Available data:
>>
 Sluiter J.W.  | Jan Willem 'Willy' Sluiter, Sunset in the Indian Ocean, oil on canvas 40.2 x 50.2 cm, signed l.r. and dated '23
<<
>>
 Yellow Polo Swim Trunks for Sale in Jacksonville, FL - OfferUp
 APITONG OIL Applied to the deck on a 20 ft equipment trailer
<<
>>
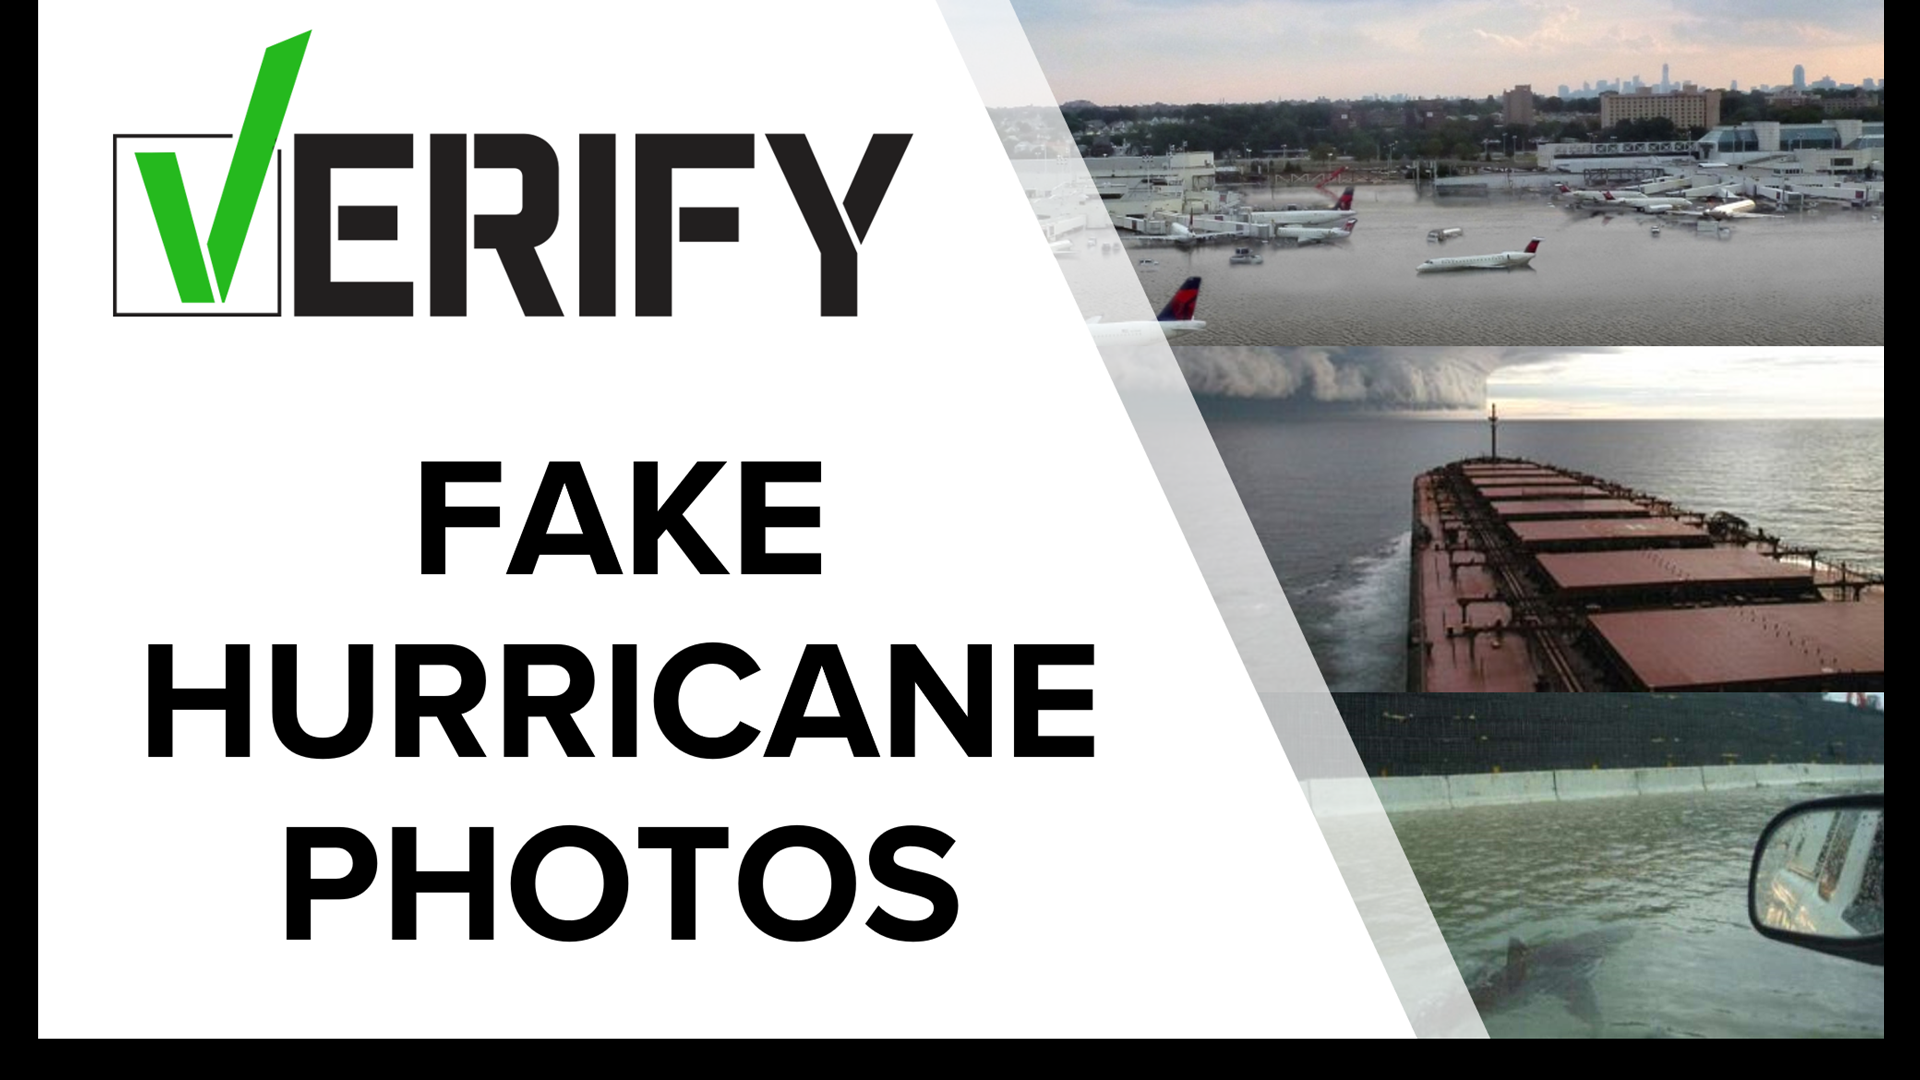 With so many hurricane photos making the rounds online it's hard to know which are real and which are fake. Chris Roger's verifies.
<<
One stretch of the lines above is wanted, from the line that contains "Yellow Polo Swim" through the line that contains "APITONG OIL Applied". Output it exactly.

 Yellow Polo Swim Trunks for Sale in Jacksonville, FL - OfferUp
 APITONG OIL Applied to the deck on a 20 ft equipment trailer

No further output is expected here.